From cacf3f882fc94cbcfb2debbed3d5e4006a588b9b Mon Sep 17 00:00:00 2001
From: Boris Lami Fonyuy <fonyuy@google.com>
Date: Mon, 16 Oct 2023 05:11:26 -0700
Subject: [PATCH] Add functionality that avoids putting neighbouring examples
 into different train/test split

PiperOrigin-RevId: 573779093
---
 requirements.txt                |   1 +
 src/create_labeled_dataset.py   |   3 +
 src/skai/cloud_labeling.py      | 170 ++++++++++++++++++++++---
 src/skai/cloud_labeling_test.py | 219 +++++++++++++++++++++++++++++---
 src/skai/utils.py               |  13 ++
 src/skai/utils_test.py          |  55 ++++++++
 6 files changed, 420 insertions(+), 41 deletions(-)

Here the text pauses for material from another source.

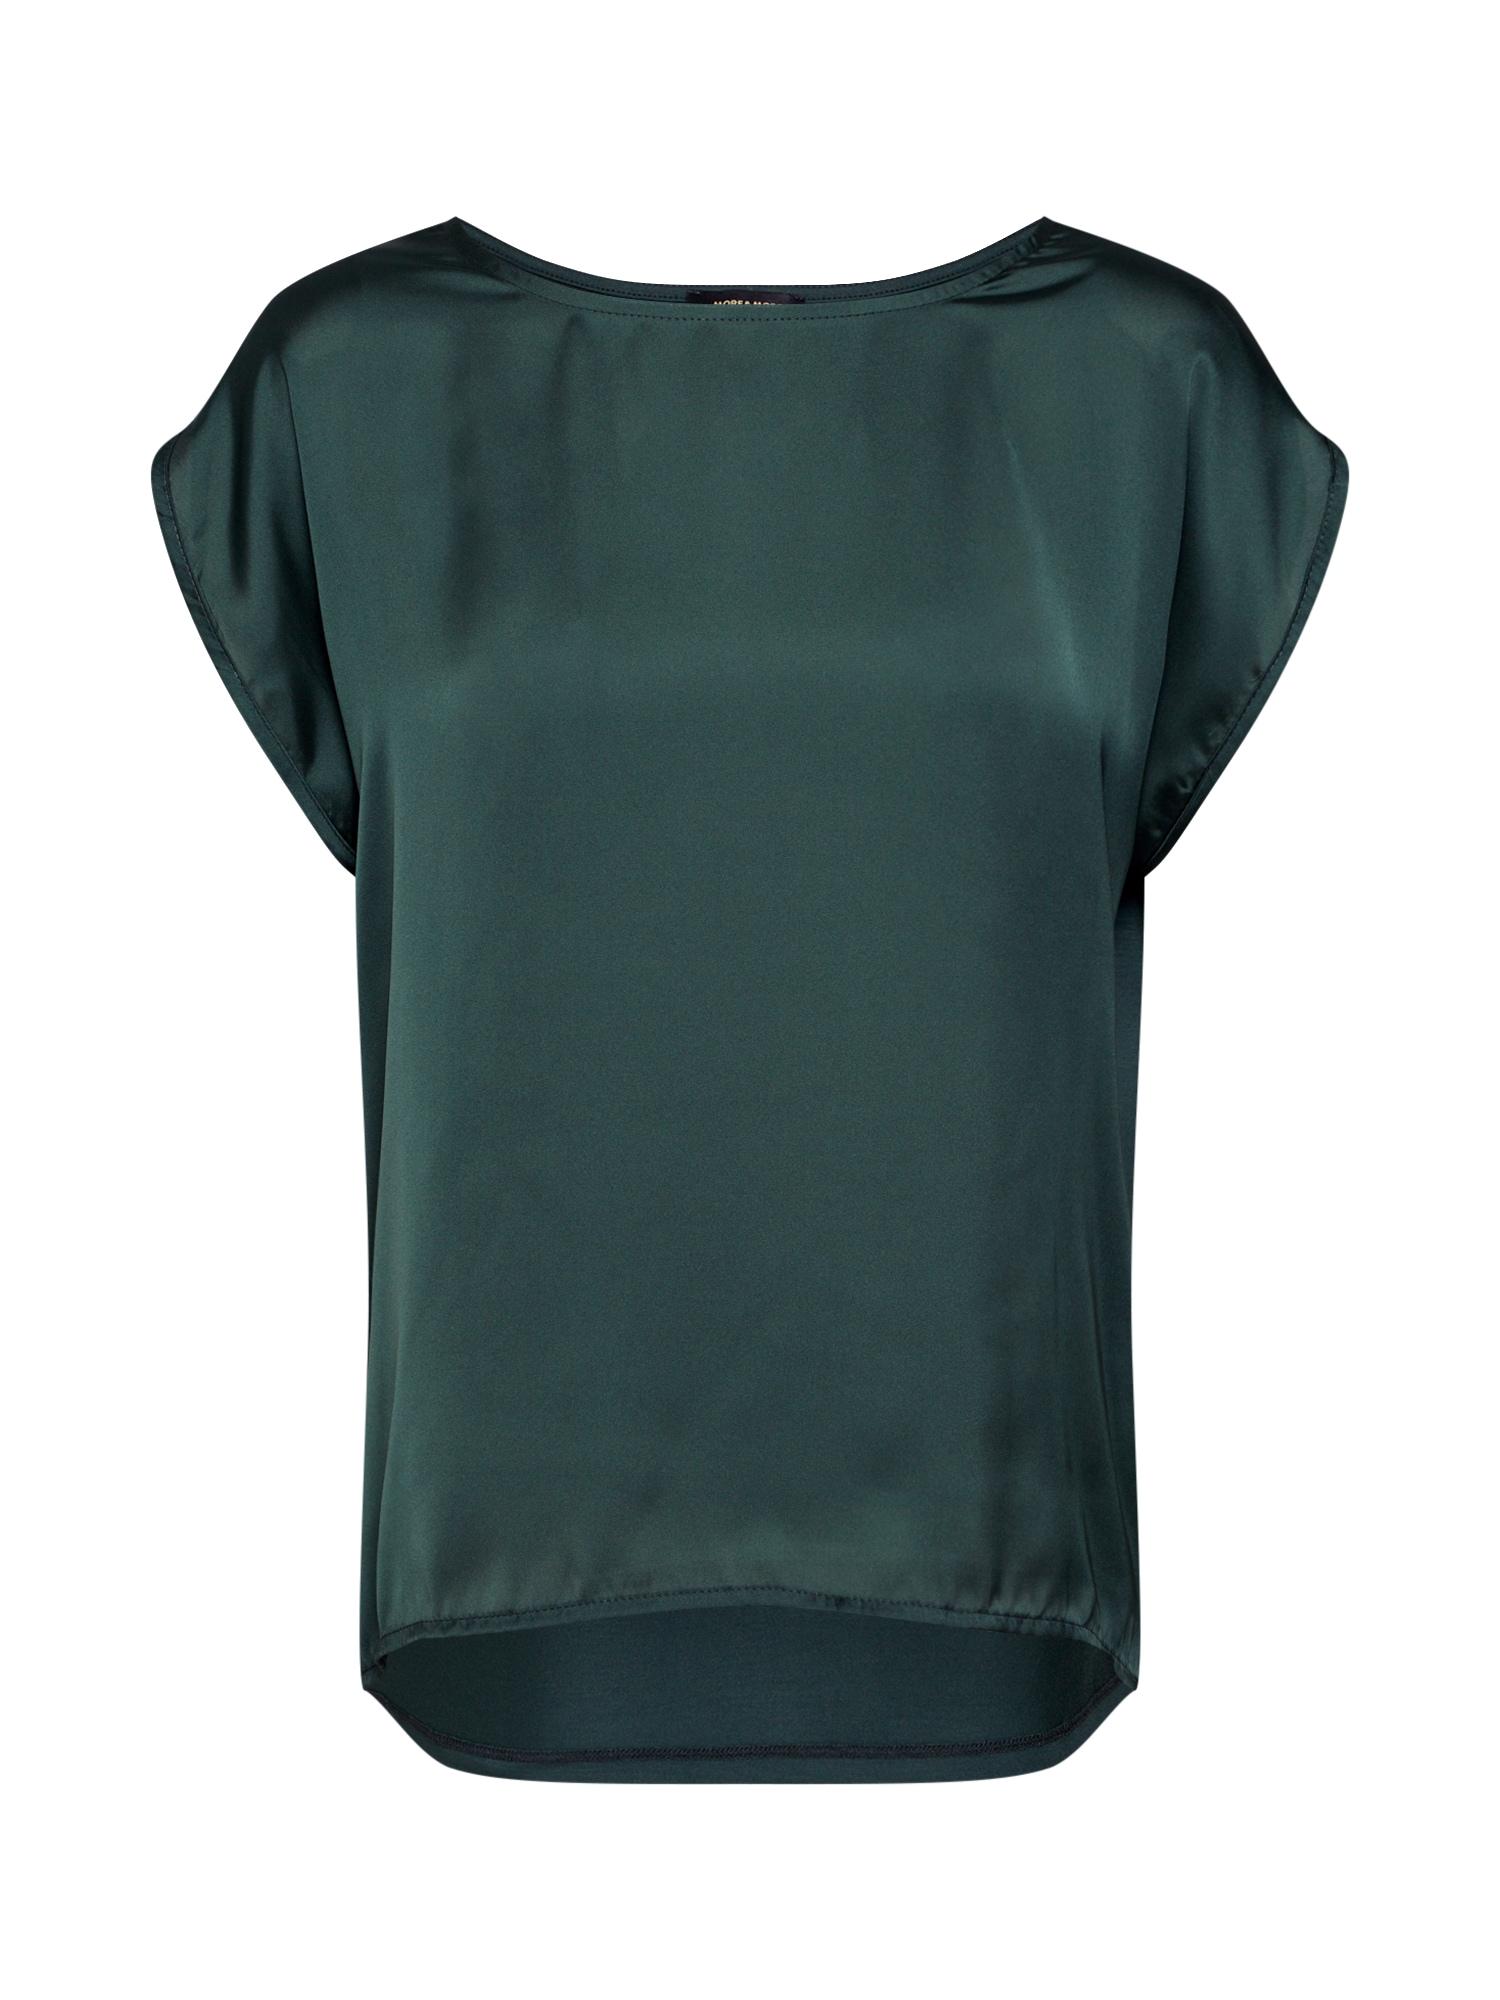 Shirt   Bekleidung > Shirts > Sonstige Shirts   Grün   MORE & MORE

 create mode 100644 src/skai/utils_test.py

diff --git a/requirements.txt b/requirements.txt
index 01149677..d73231a4 100644
--- a/requirements.txt
+++ b/requirements.txt
@@ -25,3 +25,4 @@ tqdm
 openlocationcode
 xmanager
 tensorflow-text
+scipy
\ No newline at end of file
diff --git a/src/create_labeled_dataset.py b/src/create_labeled_dataset.py
index 191c0d24..4c801880 100644
--- a/src/create_labeled_dataset.py
+++ b/src/create_labeled_dataset.py
@@ -42,6 +42,8 @@
                      'If specified, random seed for train/test split.')
 flags.DEFINE_float('test_fraction', 0.2,
                    'Fraction of labeled examples to use for testing.')
+flags.DEFINE_float('connecting_distance_meters', 77.0,
+                   'Maximum distance for two points to be connected.')
 flags.DEFINE_list(
     'string_to_numeric_labels',
     [
@@ -75,6 +77,7 @@ def main(unused_argv):
       FLAGS.test_fraction,
       FLAGS.train_output_path,
       FLAGS.test_output_path,
+      FLAGS.connecting_distance_meters,
       FLAGS.use_multiprocessing)
 
 
diff --git a/src/skai/cloud_labeling.py b/src/skai/cloud_labeling.py
index fc69751f..53587b19 100644
--- a/src/skai/cloud_labeling.py
+++ b/src/skai/cloud_labeling.py
@@ -22,16 +22,18 @@
 import queue
 import random
 import time
-from typing import Dict, Iterable, List, Optional, Tuple, Set
+from typing import Dict, Iterable, List, Optional, Set, Tuple
 
 from absl import logging
-
+import geopandas as gpd
 from google.cloud import aiplatform
 from google.cloud import aiplatform_v1
+import numpy as np
 import pandas as pd
 import PIL.Image
 import PIL.ImageDraw
 import PIL.ImageFont
+import scipy
 from skai import utils
 import tensorflow as tf
 
@@ -490,40 +492,158 @@ def _write_tfrecord(examples: Iterable[Example], path: str) -> None:
       writer.write(example.SerializeToString())
 
 
+def get_connection_matrix(
+    longitudes: List[float],
+    latitudes: List[float],
+    encoded_coordinates: List[str],
+    connecting_distance_meters: float,
+)-> Tuple[gpd.GeoDataFrame, np.ndarray]:
+  """Gets a connection matrix for a set of points.
+
+  Args:
+    longitudes: Longitudes of points.
+    latitudes: Latitudes of points.
+    encoded_coordinates: Encoded coordinates of points.
+    connecting_distance_meters: Maximum distance for two points to be connected.
+
+  Returns:
+    Tuple of (GeoDataFrame, connection_matrix).
+  """
+  points = gpd.GeoSeries(gpd.points_from_xy(
+      longitudes,
+      latitudes,
+  )).set_crs(4326)
+
+  centroid = points.unary_union.centroid
+  utm_points = points.to_crs(utils.convert_wgs_to_utm(centroid.x, centroid.y))
+
+  gpd_df = gpd.GeoDataFrame(
+      {'encoded_coordinates': encoded_coordinates},
+      geometry=utm_points
+  )
+
+  def calculate_euclidean_distance(row):
+    return gpd_df.distance(row.geometry)
+
+  distances = np.array(gpd_df.apply(calculate_euclidean_distance, axis=1))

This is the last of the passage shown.